# Oh, these look just too real.



## SparklingWaves (Apr 19, 2009)

deleted


----------



## kariii (Apr 19, 2009)

OMG how cuuuuute!


----------



## moopoint (Apr 19, 2009)

Adorable!


----------



## DazzleDarling (Apr 19, 2009)

Oooo yummy, I want lol. If I bought some I probably wouldn't want to use them, they're too cute.


----------



## LMD84 (Apr 19, 2009)

super cool! they do look good enough to eat!


----------



## SparklingWaves (Apr 19, 2009)

delete


----------



## Tahti (Apr 19, 2009)

Omg!
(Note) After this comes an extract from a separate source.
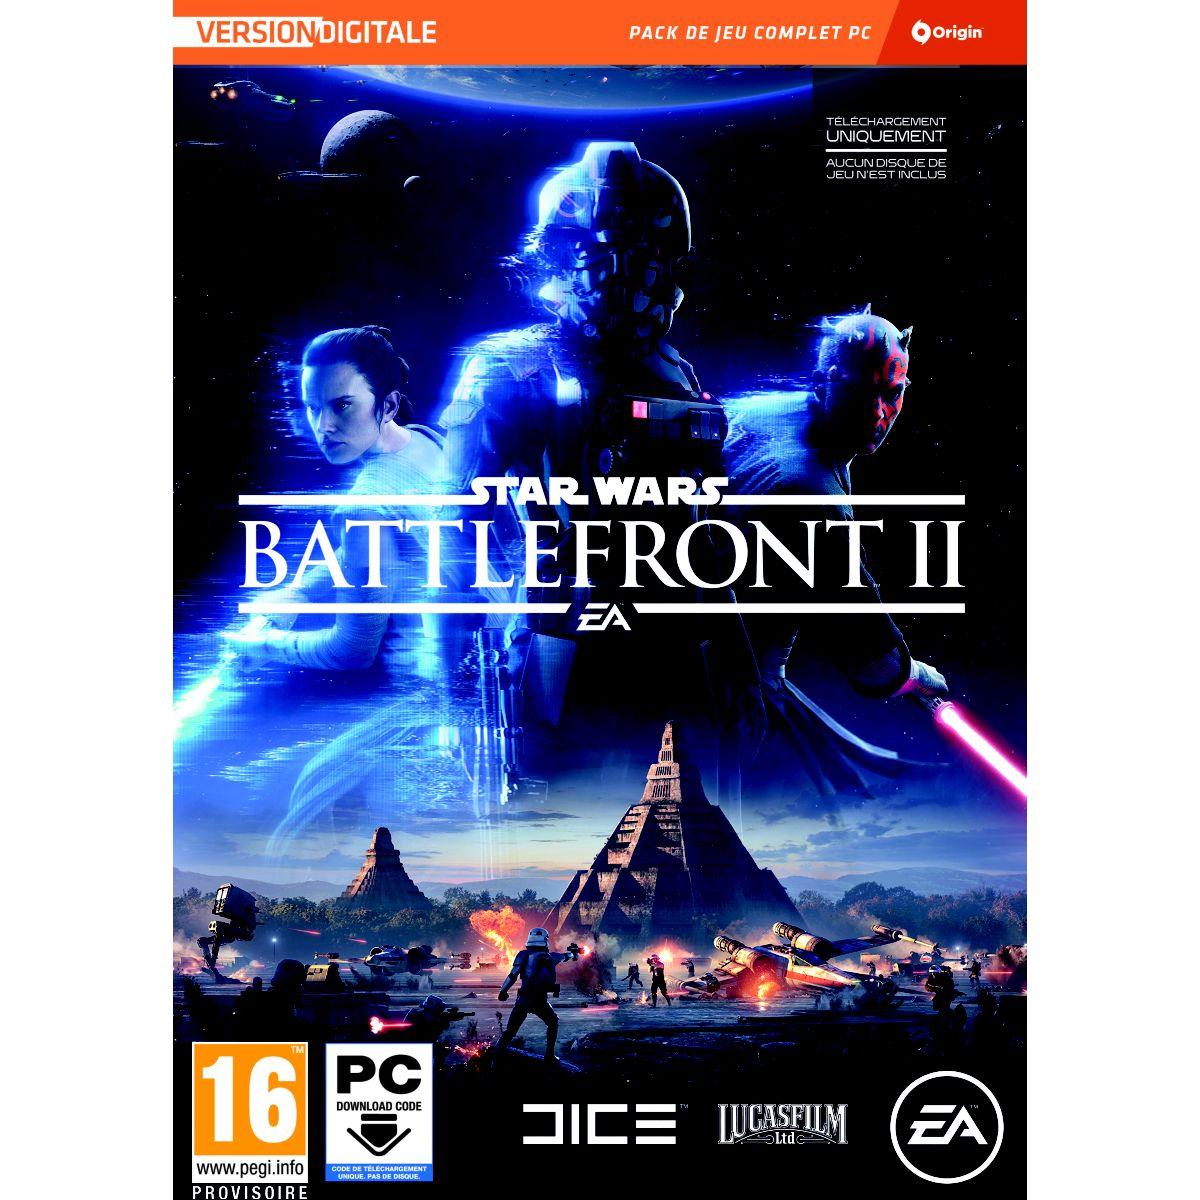 Jeu PC ELECTRONIC ARTS Star Wars Battlefront II (photo)

They look so real ;O I would totally try to eat them knowing me...


----------



## geeko (Apr 19, 2009)

they look like the real thing and totally yummylicious...


----------



## iadoremac (Apr 19, 2009)

Yum!!!


----------



## FemmeBella86 (Apr 19, 2009)

Wow..I love marketing


----------



## Holy Rapture (Apr 20, 2009)

I want!


----------



## nunu (Apr 20, 2009)

I wana eat them!!!


----------



## chiquilla_loca (Apr 20, 2009)

those are so cute that i wouldn't want to use them!


----------



## TamiChoi (Apr 20, 2009)

yum, i wonder what they smell like lol.


----------



## LMD84 (Apr 20, 2009)

^ yeah do they smell of cake too?!


----------



## chiquilla_loca (Apr 20, 2009)

the website states they smell like a fresh baked cupcake with a hint of...
mint, raspberry, etc. YUM! it would make a really cute birthday present!


----------



## MiCHiE (Apr 20, 2009)

I ordered a 3-pack to display in my bathroom thanks to this thread! I also got some Buttercream Hand Soap (can't wait to use it!).


----------



## chiquilla_loca (Apr 20, 2009)

^^^do you dare actually use one of the cupcakes?
let us know when you get them!


----------



## MiCHiE (Apr 20, 2009)

I can guarantee that I won't use them. I shower.


----------



## SparklingWaves (Apr 20, 2009)

delete


----------



## coachkitten (Apr 20, 2009)

What a cool idea!  I just bought one for my best friends birthday.  She is going to love it. 
	

	
	
		
		

		
			





  Thanks for sharing SparklingWaves!!


----------



## kaliraksha (Apr 21, 2009)

Yeah, these totally are perfect bday gifts, especially to add in a gift basket! Soo cute!


----------



## LMD84 (Apr 21, 2009)

they sound like they smell amazing!! although smelling sucj sweet things would make me hungery for such sweet things! hee hee!


----------



## L1LMAMAJ (Apr 21, 2009)

adorable! i wouldn't wanna use them. they're TOO cute.


----------



## Makeup Emporium (Apr 21, 2009)

Found these on Amazon.com as well for anyone who is interested.


----------



## fintia (Apr 22, 2009)

way too cute!


----------



## k.a.t (Apr 22, 2009)

I think I would eat them


----------



## Miss QQ (Apr 22, 2009)

So cute! I would just display them and stare at them all day.


----------



## MiCHiE (Apr 24, 2009)

OK. I got my order and.....*sigh*.....they're OK. They're cute, but the packaging messed up the "frosting", which is actually soap. It's kinda melted and the individual cakes were shrink-wrappered, so the soap is melted and smashed a little. From what I can tell, they don't smell like cupcakes, rather hints of fruit and one of the fruit ones smells like colonge. Here are a couple pics of the damage:










BUT....The Pink Buttercream Frosting hand soap smells DIVINE! I definitely will keep this in my own bath (I can't trust company with this!). It smells just like a wedding cake!


----------



## Lyssah (Apr 26, 2009)

How adorable are these!!!! Thanks for sharing - I love cupcakes!


----------



## pianohno (Apr 26, 2009)

These are dangerous, little kids would eat them! (and by little kids, I mean myself ... 
	

	
	
		
		

		
		
	


	




)


----------



## User49 (Apr 26, 2009)

I LOVE cupcakes! Those are too cute! x


----------



## SparklingWaves (Apr 26, 2009)

delete


----------